The combination of the foregoing suggests that Invenergy was probably reconsidering its commitment to this power plant over the last few days and weeks. Nevertheless, Invenergy probably is not yet ready to pull the plug and walk away. Invenergy is probably closer to walking away than it was a year (or even six months) ago; but Invenergy is probably not quite there yet.

That leaves one more possible route forward for Invenergy, and it is this route that is the most likely.

Option Four: As noted above, FERC invited the parties (mainly Invenergy and National Grid, but also the ISO) to negotiate a new schedule for when Invenergy issues the NTP and posts its bond.
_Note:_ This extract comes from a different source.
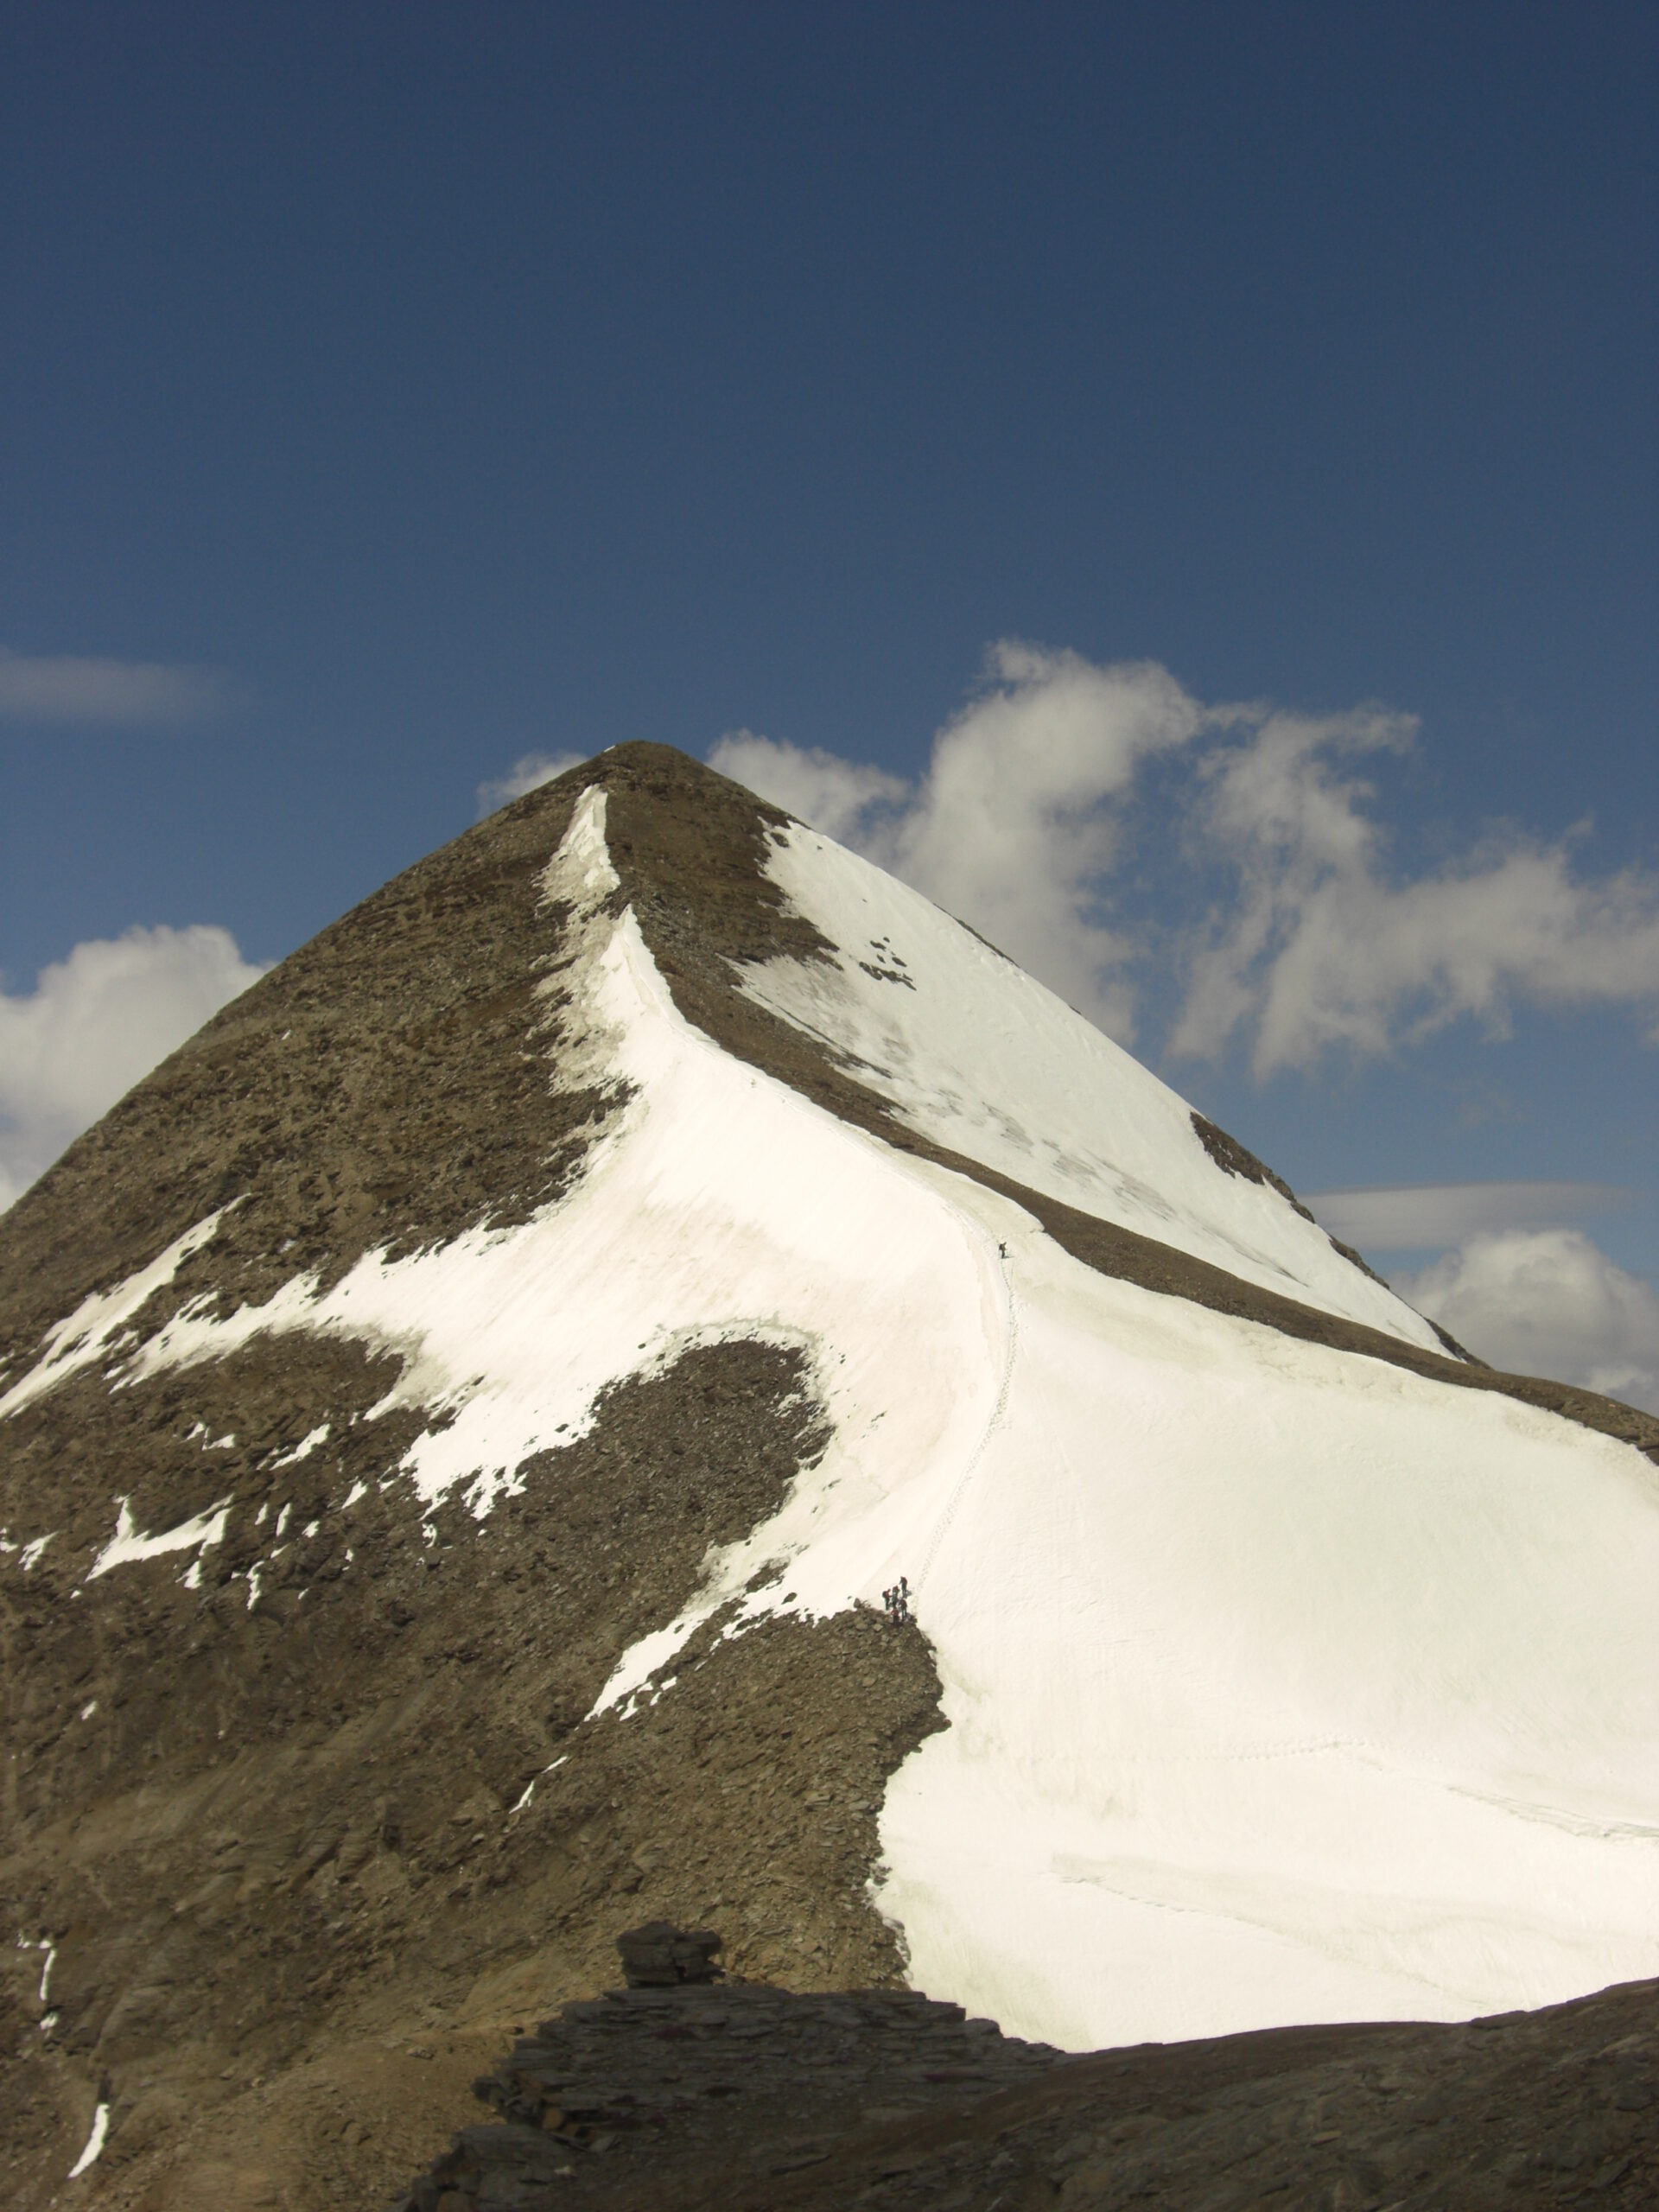 Gipfel, Hohe Tauern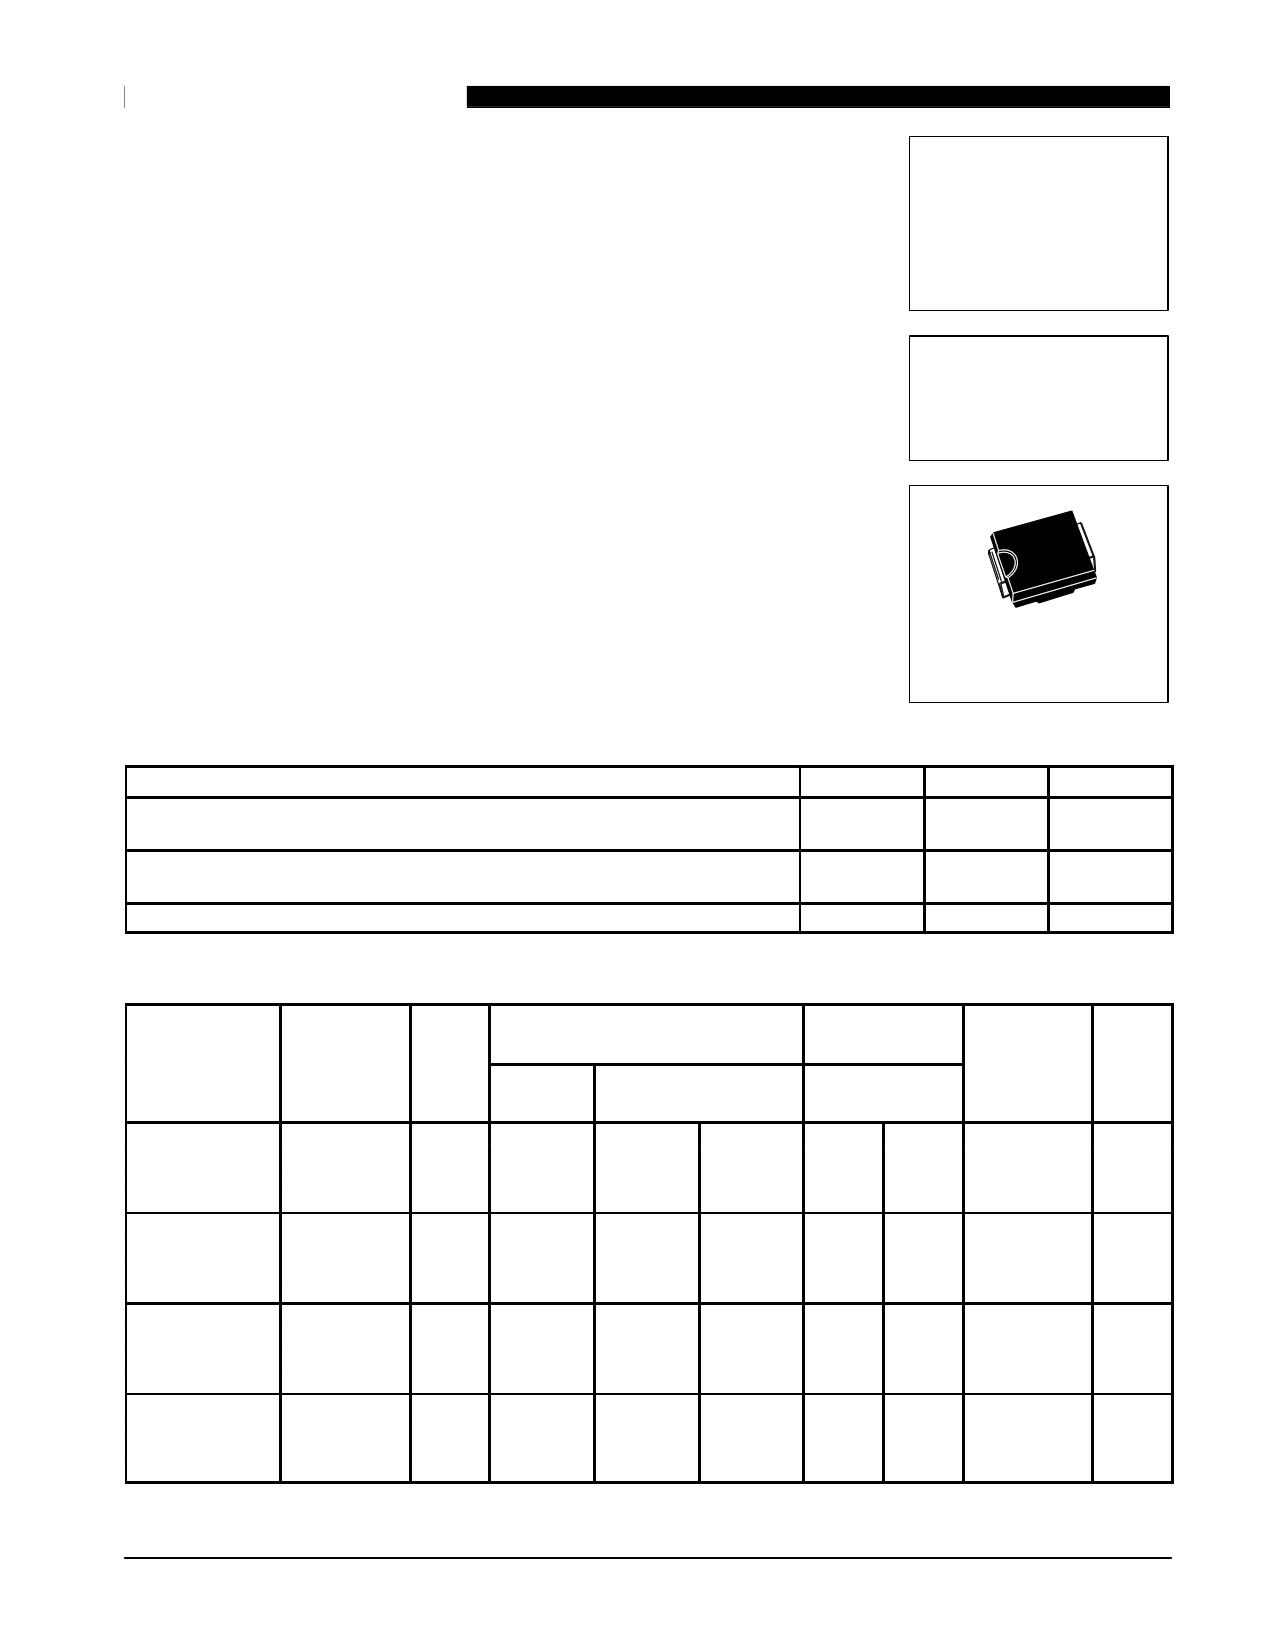 1SMB5915BT3 datasheet

If Invenergy wants to go ahead with the Burrillville power plant, but does not want to issue the NTP and post the bond immediately, it can work out an entirely new schedule for doing so – a schedule that pushes the time table for the plant even further into the future.

Such a course would be good for Invenergy because it would provide a clear path forward for Invenergy to go to a Final Hearing, get an EFSB permit, and maybe even eventually build the plant. However, time is not on Invenergy’s side; and in the eight months or so between now and the end of a Final Hearing, most of what is likely to happen is likely to hurt Invenergy:

  • If Invenergy doesn’t issue the NTP for eight to ten months, it won’t be on line until 2022 at the earliest. Invenergy will lose another year of its seven-year FCA price lock-in.
  • If Invenergy isn’t up and running until 2022, it strengthens CLF’s argument that Invenergy wasn’t needed all along. Invenergy insisted that its electricity was urgently needed by the grid in 2019, but it is now obvious to everyone that Invenergy is not needed at all. This will hurt Invenergy at a Final Hearing.
  • Moreover, lots more renewable energy is coming into the system every year, thereby lessening even further the need for Invenergy.
  • In fact, it is entirely conceivable that the ISO will involuntarily terminate the Capacity Supply Obligation (CSO) that Invenergy acquired in FCA-10 as soon as it (the ISO) is able to do so under the Tariff, this summer (which would be before the end of the Final Hearing).

This fourth option — Invenergy negotiating a new schedule for building out the interconnection – is the most likely course of events in the wake of Friday’s FERC ruling. This route is also Invenergy’s best way forward, because it keeps the project alive for another year. (And, of course, it forces Burrillville and CLF to continue to litigate against Invenergy.) But the passage of time also hurts Invenergy. If the ISO does involuntarily terminate Invenergy’s CSO, that single action would almost certainly be the end of Invenergy. It would be the end of Invenergy politically, because Invenergy’s only argument (flawed argument, but still an argument) in favor of the plant would be gone. It would also be the end of Invenergy economically, because that price lock-in from the auction is crucial to any developer turning a profit.

Nevertheless, for now, the bottom line is that opponents of Invenergy still have a fight ahead.